Susac syndrome is a rare autoimmune endotheliopathy with predilection for brain, retina, and cochlea (1). A presumed autoimmune vasculitic mechanism has been proposed, resulting in microangiopathy affecting the arterioles of the brain, retina, and cochlea (1–4). The syndrome usually affects women in the second decade of life, with female to male ratio being 3:1 (3,4). To date, approximately 80 cases have been reported. Patients typically present with low-frequency hearing loss were detected with audiometry. Headaches are frequently present in addition to tinnitus and often some degree of paranoia (1–4). Partial vision loss is caused by branch retinal artery vasculitis and occlusions (5,6). Abnormalities on brain magnetic resonance imaging (MRI) always show corpus callosum involvement.

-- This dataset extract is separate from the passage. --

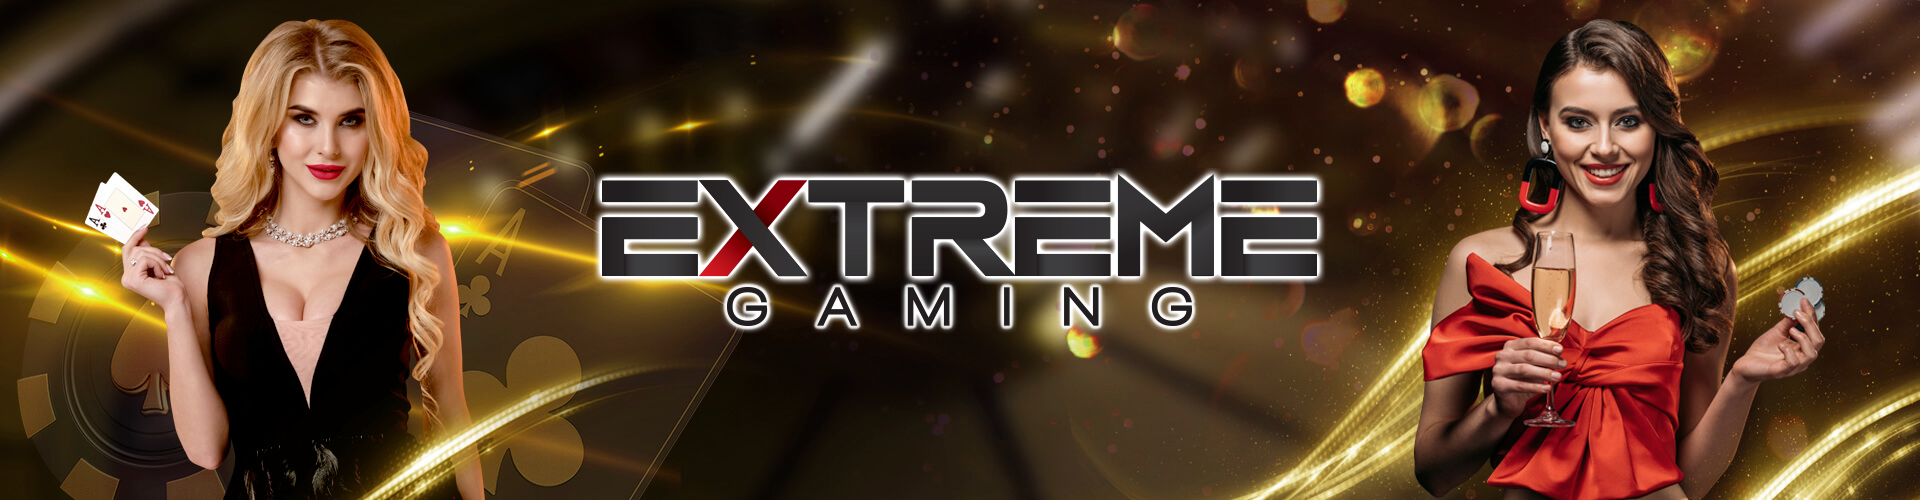 Xtreme Gaming casino

The mainstay of treatment is systemic corticosteroids and immunosuppressive medications (6–8).
Central serous chorioretinopathy (CSC) is characterized by a serous macular detachment due to a focal disruption in the outer blood–retinal barrier and increased choroidal permeability (9). Although the pathoetiology of CSC is unknown, it is associated with states of hypercortisolism, such as Cushing syndrome, pregnancy, and systemic glucocorticoid therapy.
We report a patient with Susac syndrome who developed CSC.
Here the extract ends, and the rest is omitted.